The imperative to make change runs in the family. Hoch’s mother received a degree from Hebrew College, he notes, and worked as a Jewish educator for decades. She encouraged him and his brothers to continue their education on social justice issues at Prozdor. “I wanted to go, I wanted to further my education, and I was really interested in meeting people from other parts of the Greater Boston area,” he recalls.

He found Prozdor’s teachers dedicated to engaging students and helping them grow through active participation with the materials and each other. Similar to law school, he notes, they were dialoguing and making meaningful connections. “The teachers were great across the board. They weren’t just lecturing, they were challenging us,” he says. “Everybody had an opportunity to participate, everyone wanted to participate, and that’s how you learn.”

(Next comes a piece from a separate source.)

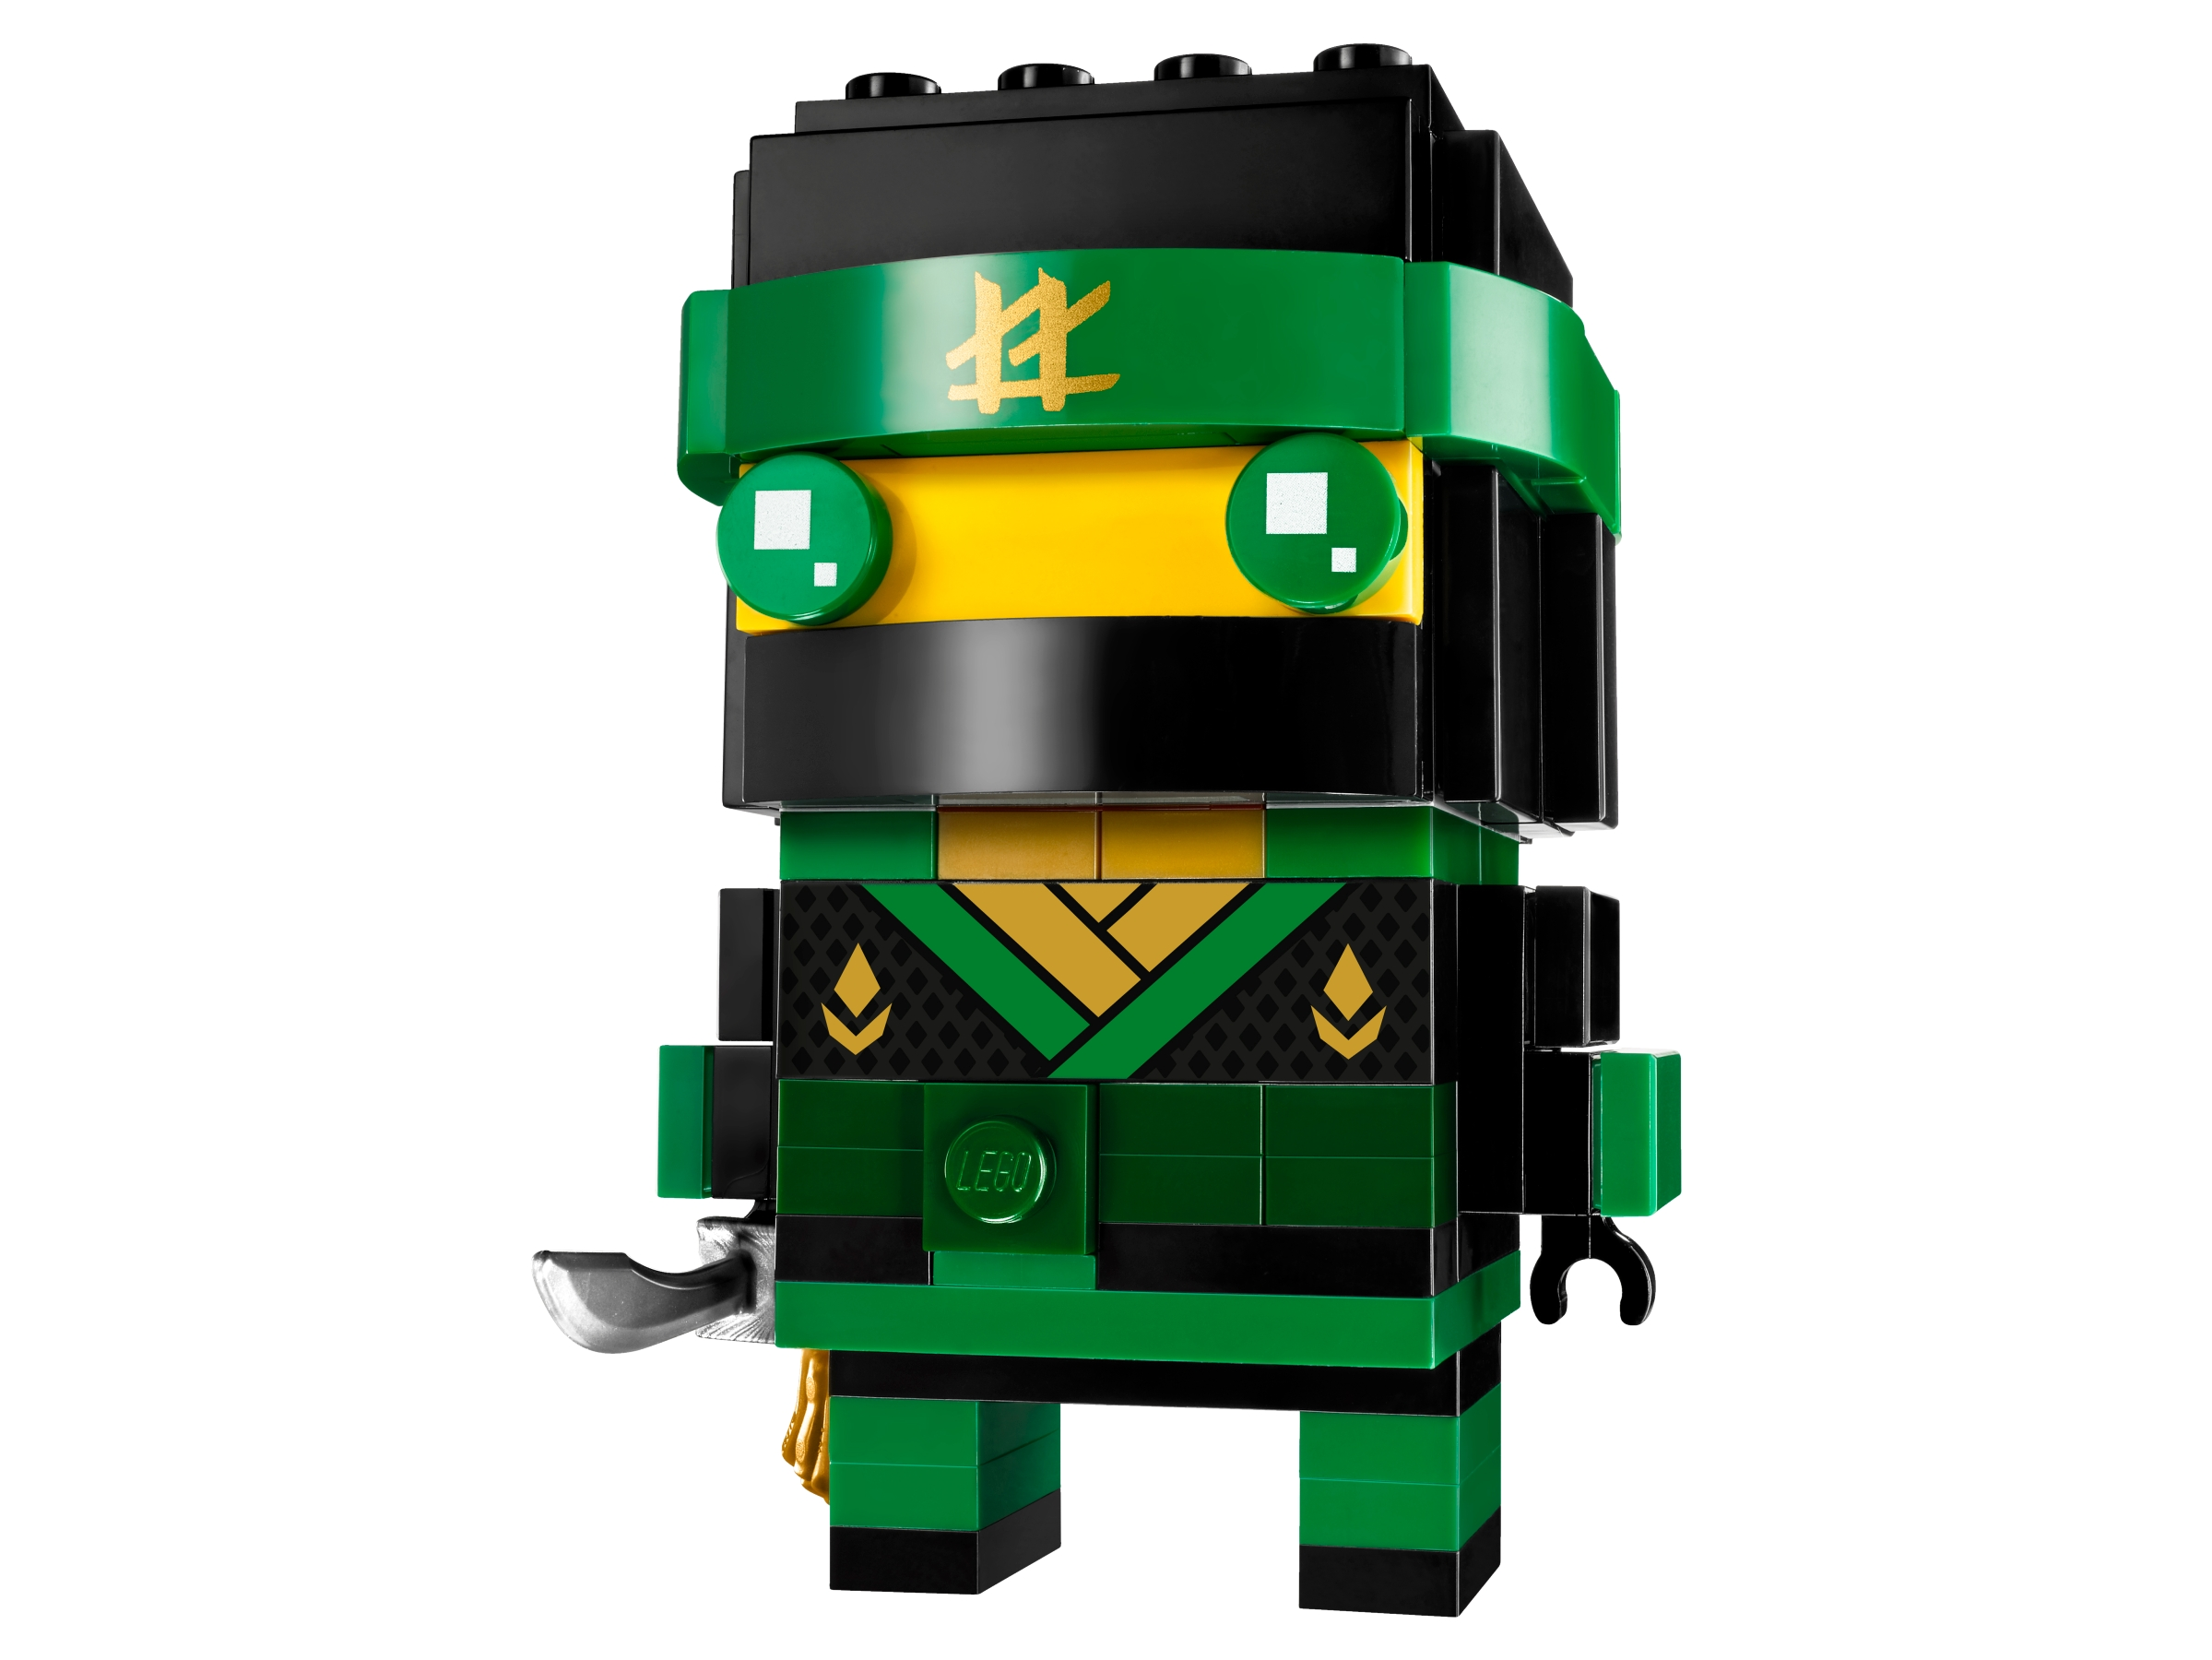 Details about  /Lego BrickHeadz 41487 Ninjago Lloyd Brand New Sealed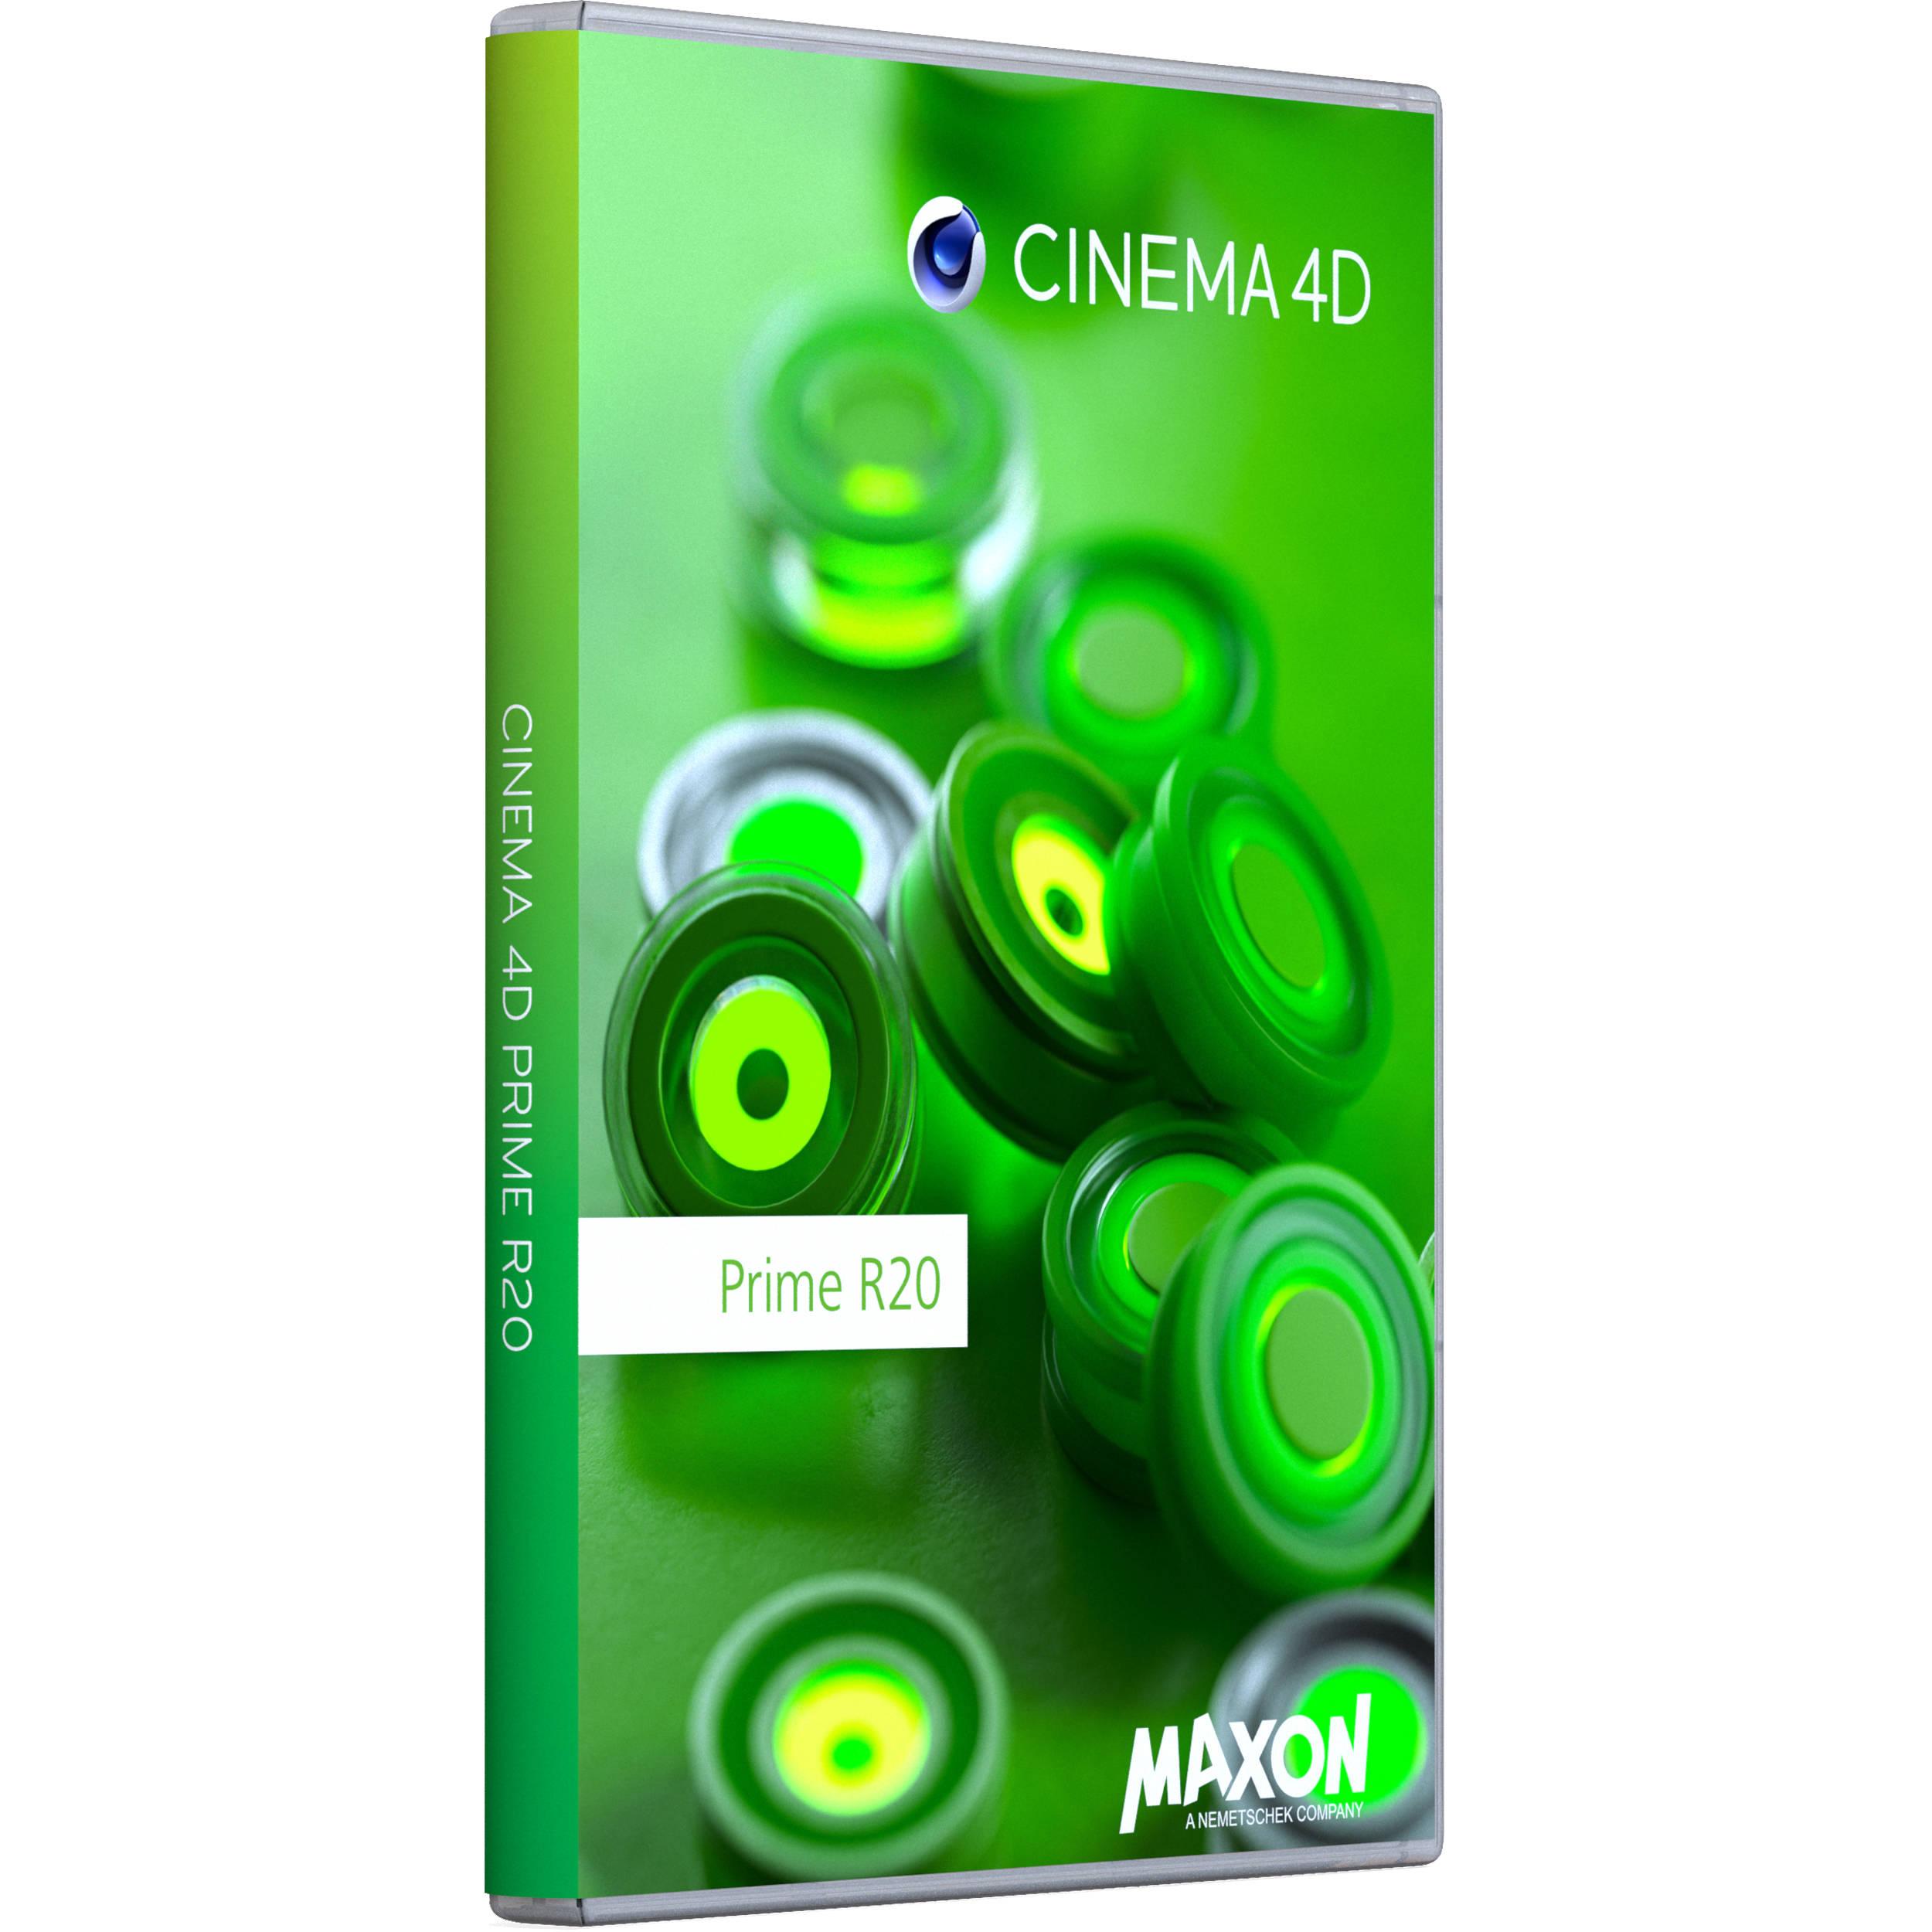 Maxon Cinema 4d Prime R20 Download C4d N 20 B H Photo Video

And so, in all of the ways he’s been involved in social justice, he’s always thinking back on Prozdor and what he learned there. It’s led him to support Hebrew College both through generous annual campaign donations and in his estate planning, where he has included the College. “For those of us who’ve been impacted tremendously by our education at Hebrew College, it’s very easy to say ‘this is what I want to do,’ so I made that a part of my estate,” he says.

Hoch joins other members of Hebrew College’s new Living Legacy Society who have made planned gifts to support the education of future Jewish leaders, help create innovative and inspiring programming, and build interdenominational and interreligious understanding, while gaining financial and tax benefits for their families.

When he goes to Boston, Hoch says he likes to trace the walk from the last trolley up Beacon Street over to Hawes Street, where he and his friends spent time in Hebrew College’s former Beaux-Arts building, exploring every nook and cranny. “I have tremendous memories not only of the classes and what we learned there, but of time with my Prozdor friends, just exploring and having a good time.”

Reflecting on the positive experience he had meeting people from different backgrounds and the discussions they had in class, he has chosen, he says, to “take the opportunity to encourage the next generations to get education, to seek out knowledge.”

His grandmother, he recalls, was adamant that each one of her 20 grandchildren find something they were passionate about and take action. “She said it doesn’t make a difference what it is, it can be in arts, the sciences, whatever it is, but you have to contribute back to the community,” he recalled. “She just told us we had to make a commitment to make this world better, tikkun olam.”

As such, his pursuit of tikkun olam inspired him to have a six-foot tall, stone statue of a shepherd and a lamb commissioned, which is bequeathed to the school. “I envision this as a place where people can see it through the window and smile, or spend some time there,” he says, adding that he finds art to be an element of both education and inspiration. Made by Israeli artist Boaz Vaadia, the shepherd and lamb are stacked on top of one another. “In my life I’ve been both the shepherd and the lamb,” he says. “As I’ve gotten older, I’ve been the shepherd more often, bringing people into the LGBTQ plus movement, working with them, and watching them go on to do other things in the social justice movement, so to me this was a special commission.”